Molyneux tells us that making Fable 2 re-taught him game design and calmed his 'creative whirlwind' approach
Peter Molyneux has told Develop that the production of Fable 2 has taught him "how terribly I had approached game design" in previous games.
With the game in shops today, our latest Developmag.com interview looks back on the games' development.
In the piece, Molyneux offers a frank assessment of his studio Lionhead's creative limitations and how they were improved for the sequel to his best selling Xbox game.
He also fesses up to how the experience of making a sequel has humbled and re-educated him as a game designer.
"We’ve spent a lot of time asking ourselves: why is Lionhead doing this? We worked out that Lionhead should stand for invention, that we should accept our limitations and then try and better ourselves," he told us.
"At the start of Fable 2 we admitted we didn’t know how to do the dramatic element. So we split the process in a totally different way," he added, explaining that much of the dialogue, story and plot of Fable 2 was hammered out during acting and improv sessions at Shepperton Studios before any coding was done.
Molyneux also reigned in his own 'creative whirlwind' attitude to team morale, he said.
"We took away the madman that is Peter Molyneux, who would walk into the studio and say the craziest things, like ‘I had a dream last night so why don’t we add in a feature or this new mechanic’. He has been tamed. I now understand that you cannot have that creative whirlwind. When games cost so much – millions of dollars to make a game – you can’t have that creative whirlwind blowing in like that, otherwise you end up spending hundreds of millions of dollars on a game."
This meant that Fable 2 - which has already received a number of positive reviews from the specialist press - had a more focused feature-set.
"I realised how terribly I had approached game design at that point. I realised that a fundamental error I made was mistakenly believing that if you added more and more features into a game it would make a game great."
That said, Molyneux admitted he couldn't help himself when it came to encouraging the team to think big.
"We were ambitious, and I couldn’t help myself. One afternoon I walked out into the studio, and on a whiteboard wrote a sentence I wanted to sum up and drive the game development. The line was ‘I want to make a game that the player will never forget.’"
He explained: "So my thinking is that if you only have space in your mind for five great cultural things – one of them being Lord of the Rings, another being Pulp Fiction – then Fable 2 has to stand alongside them or even replace one of them, thanks to the gameplay and the story.
"This is totally my style, I like thinking big and trying to inspire people – because if you can generate that kind of excitement and get people thinking, if they only get half way to the goal you’ve been successful. Otherwise you get nothing at all."
Pity that lionhead couldn't be bothered debugging it before they released it then. Here is a quick sample of issues:
(c bug: 100% repeatable) going back from sub-menus does not return to the correct place, but to the second-top item of the main menu instead. (1 hours work to fix, not fixing it indicates that they were only working on A bugs in a mad panic to release, or the designer had never seen a computer menu system in the last 20 years).

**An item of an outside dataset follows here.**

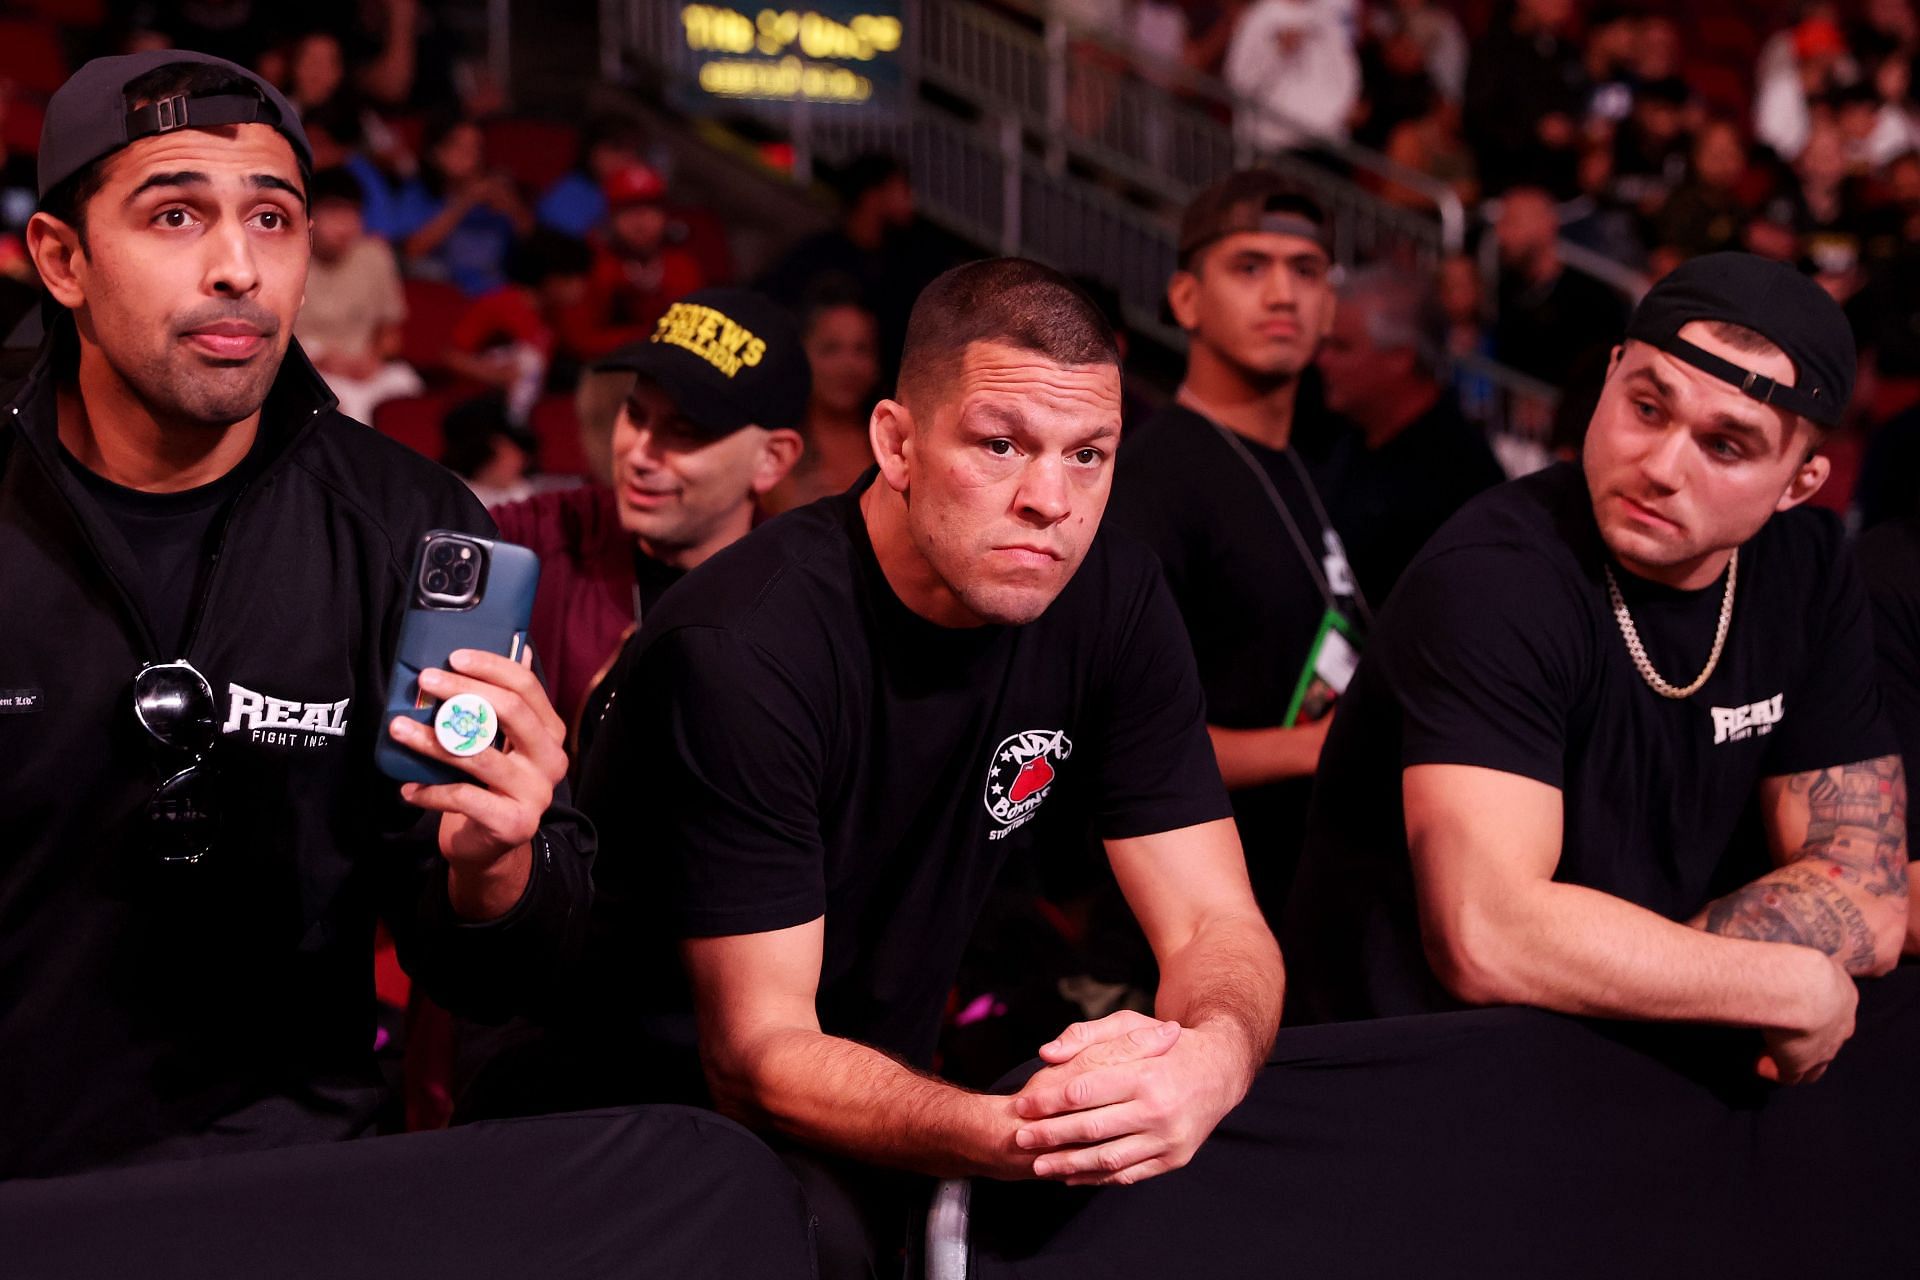 Nate Diaz has a ready-made rivalry with Jake Paul to build a fight with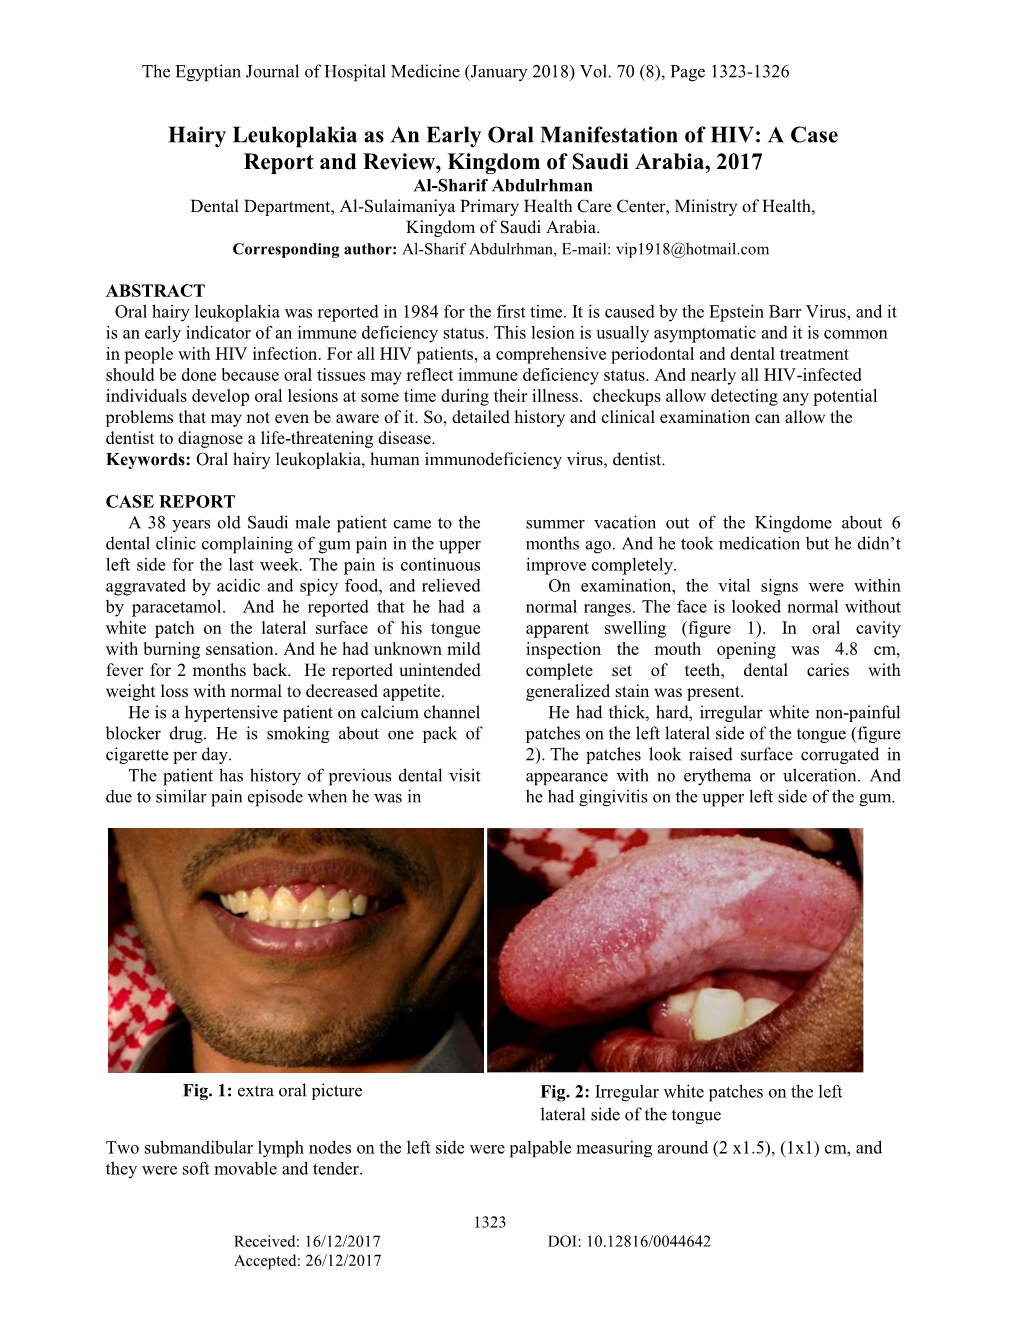 Hairy Leukoplakia As an Early Oral Manifestation of HIV: a Case Report

(b bug: repeatable on some objects) some objects are highlighted "press A" but you cannot always select them unless you move in closer (indicates there are two versions of the proximity code and sloppy internal architecture)
(a bug: rare) the conversation menu can sometimes get stuck on screen when the target person is not there. This means you cannot continue playing the game since A button does not work. This continues over a save game, making the game unplayable!
(suggestion) support more than one save slot. Some people who buy the game are not sad single people with no friends or family (although I am). Also with that many bugs, you need to make backup save games for safety!